## [ABOUT THIS EXERCISE]
The response should repeat word for word every line below from the one with "Congressional portrait of" to the one with "Personalised Doormat", inclusive, and nothing else; leave pictures out.

## [RECORDS SUPPLIED]
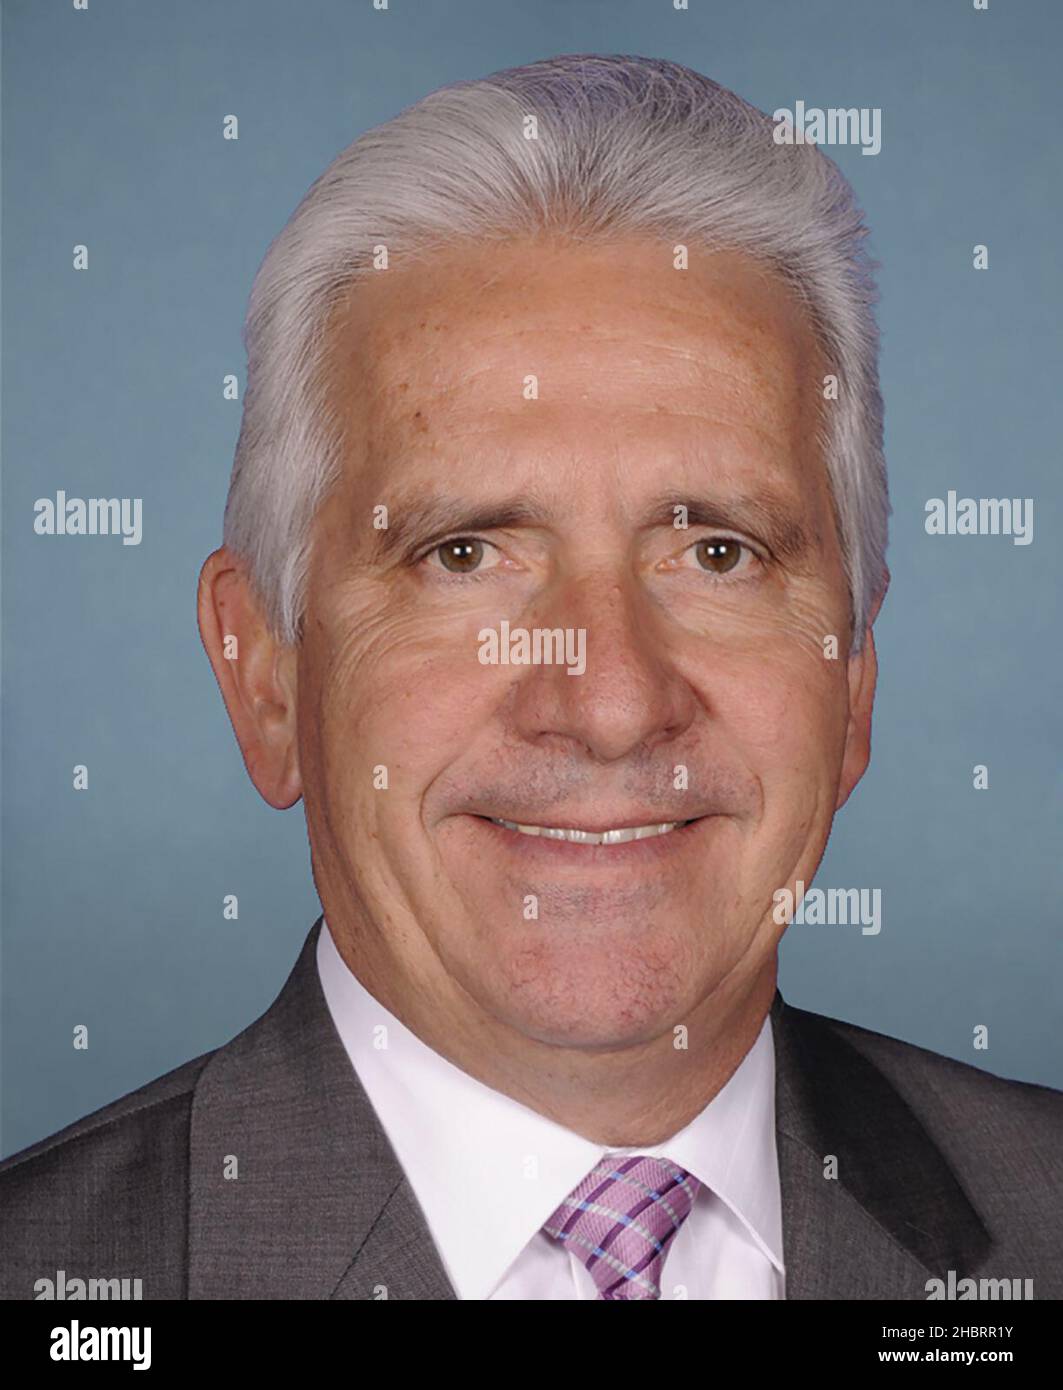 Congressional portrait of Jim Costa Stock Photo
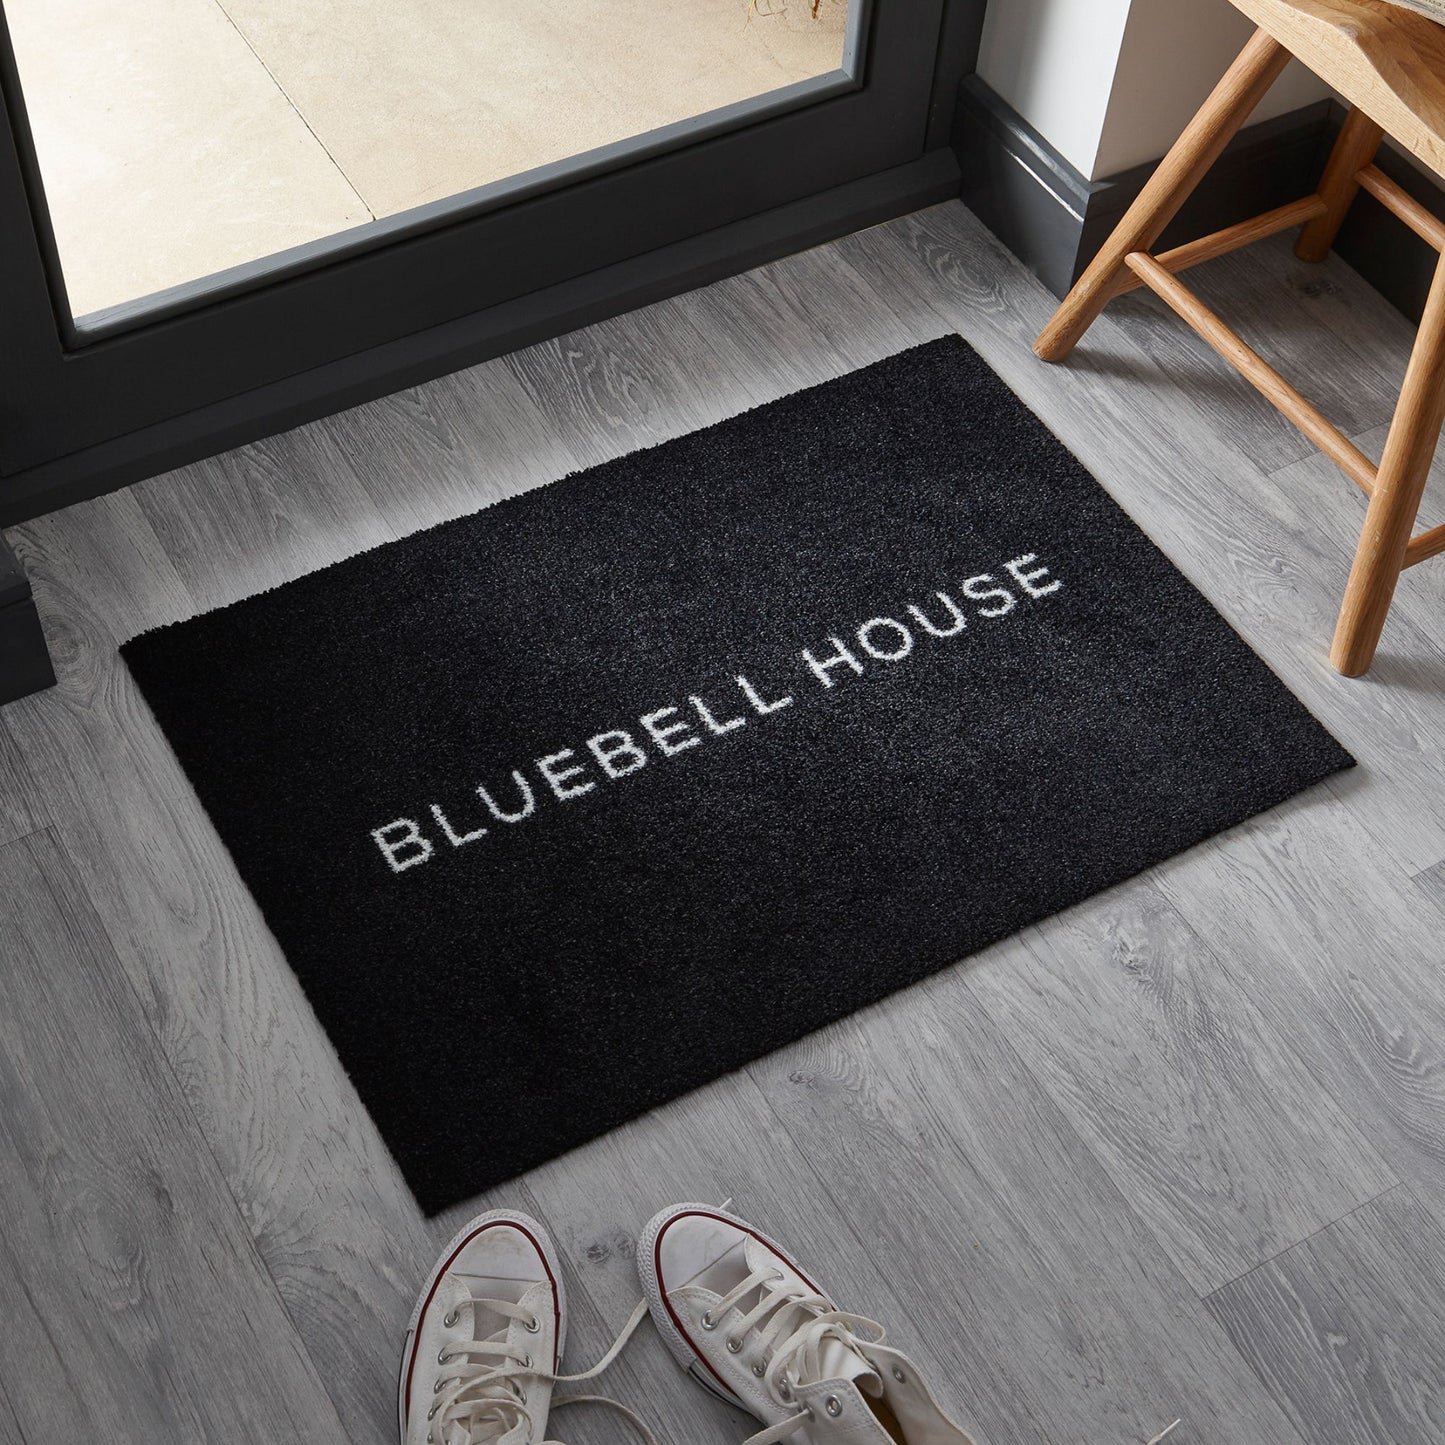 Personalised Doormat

==

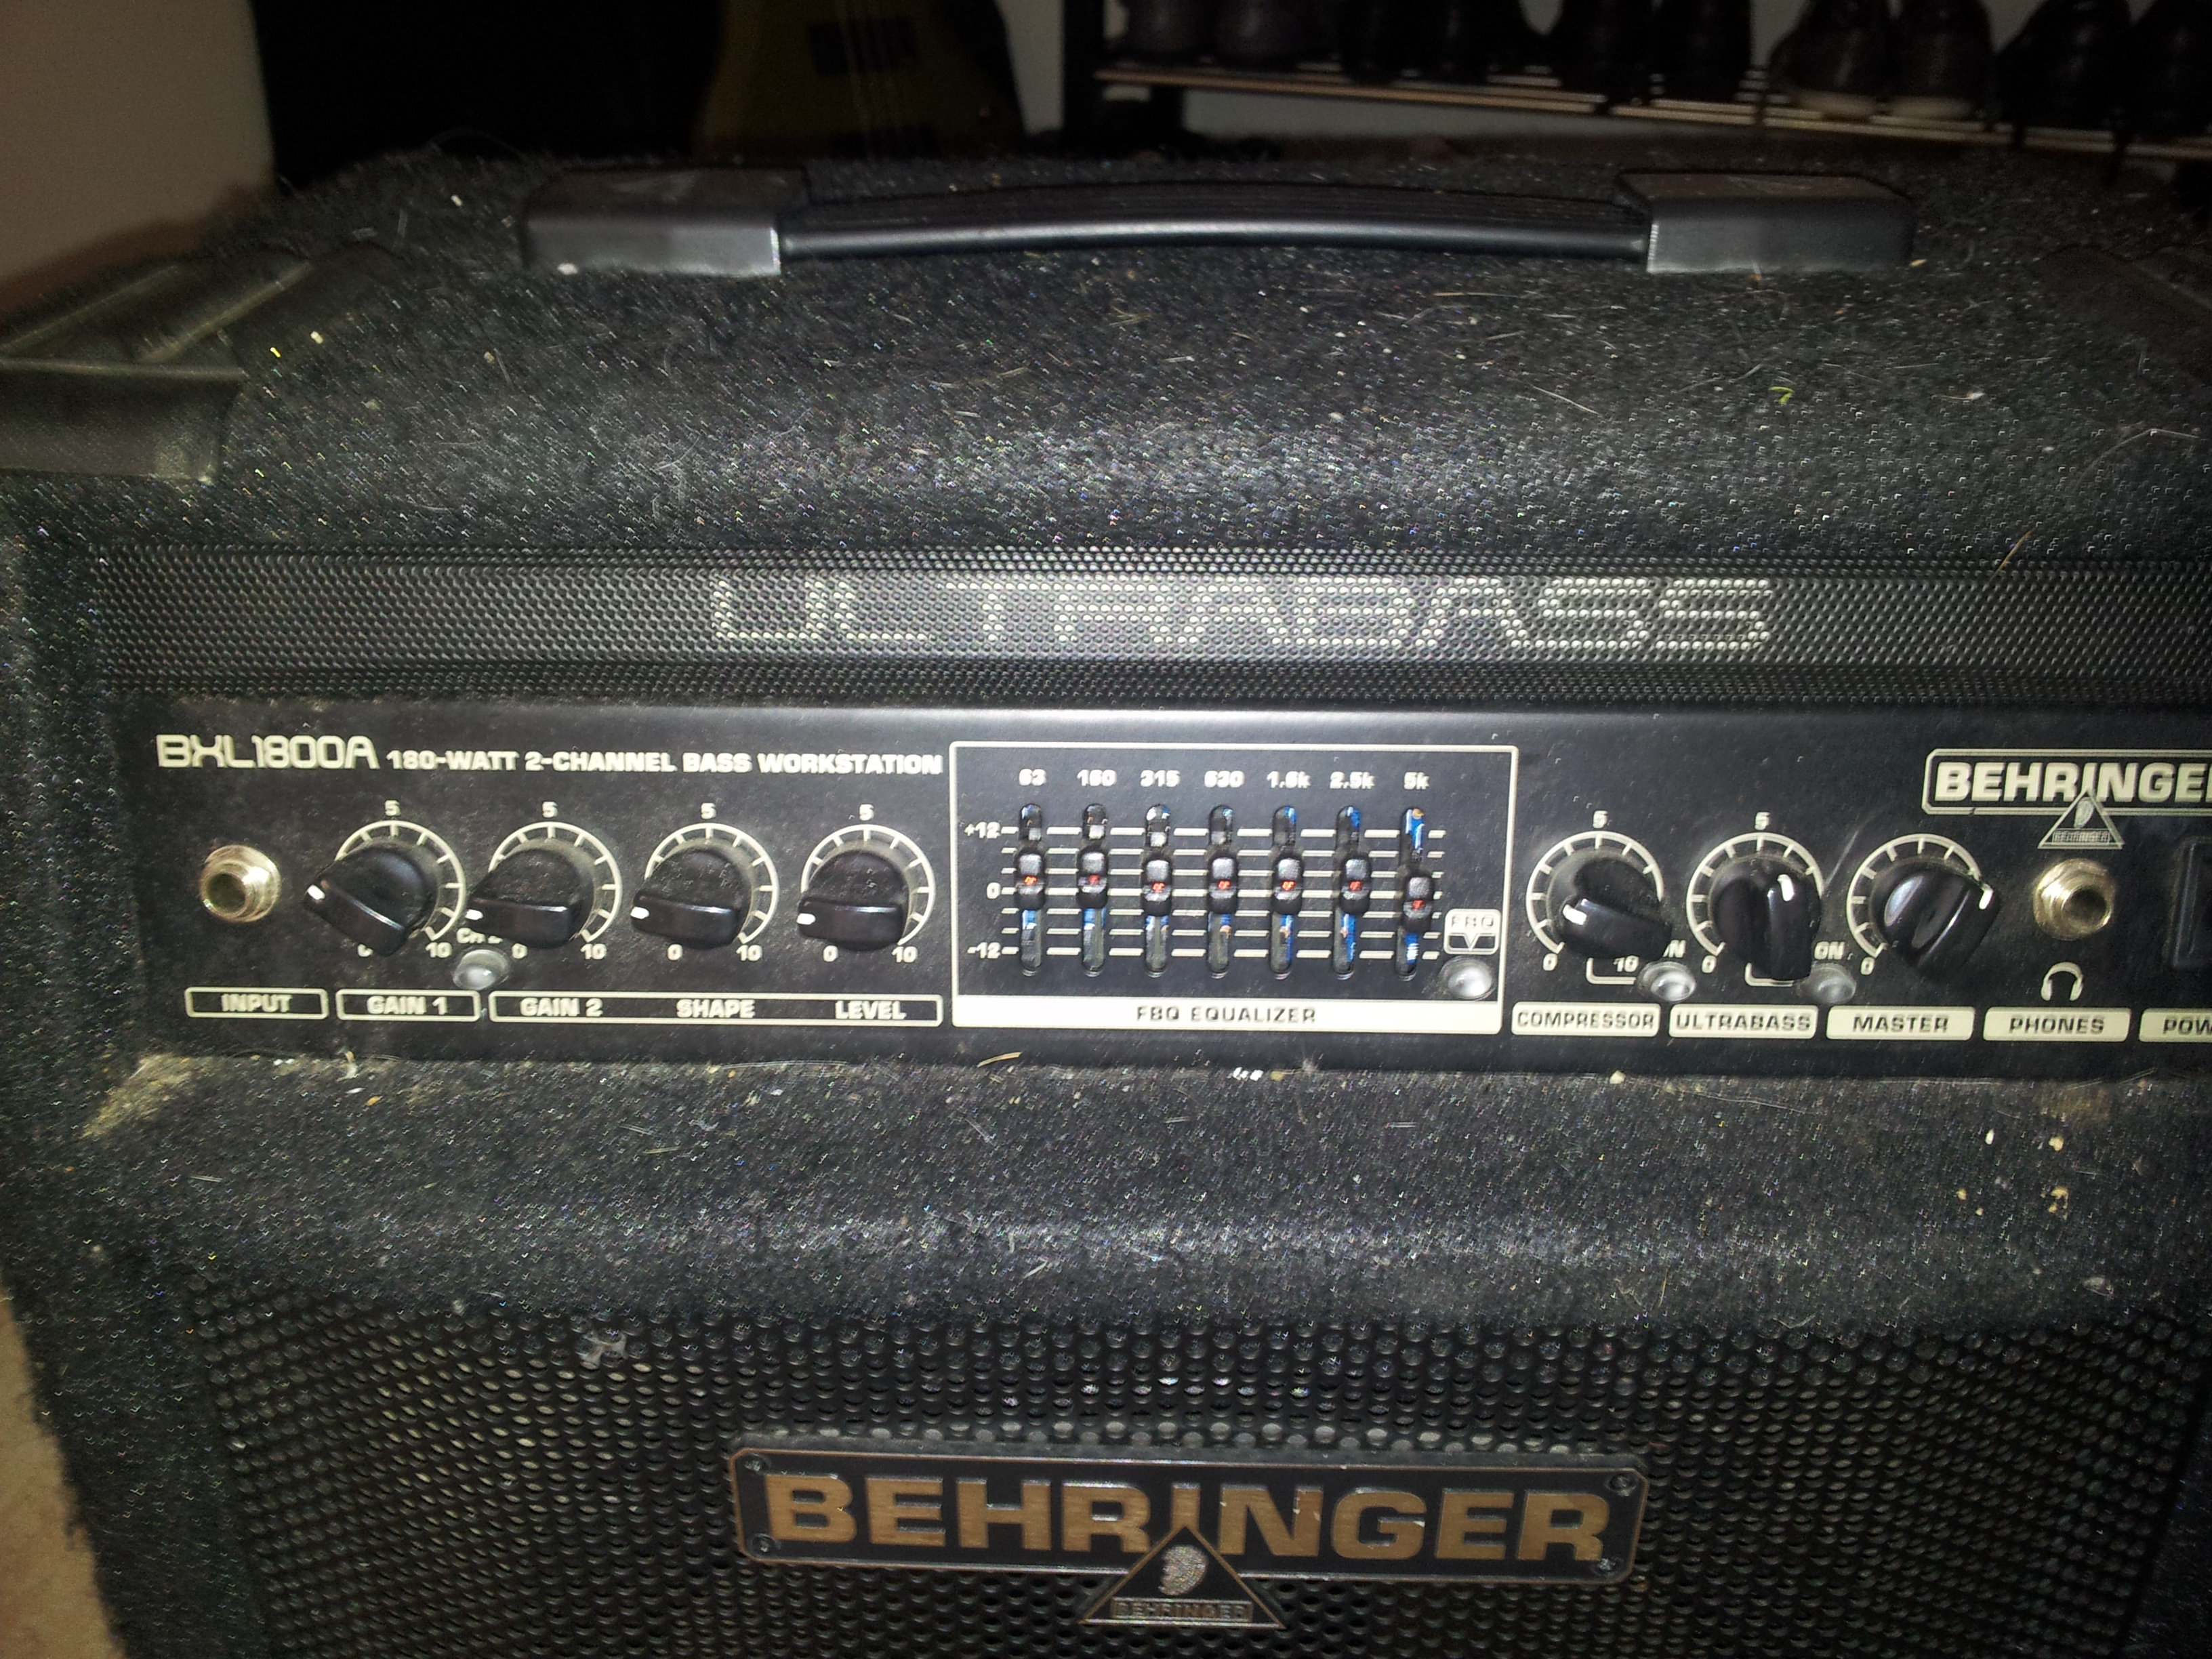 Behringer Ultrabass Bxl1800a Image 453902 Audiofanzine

## [RESPONSE BELOW]
 Congressional portrait of Jim Costa Stock Photo
 Personalised Doormat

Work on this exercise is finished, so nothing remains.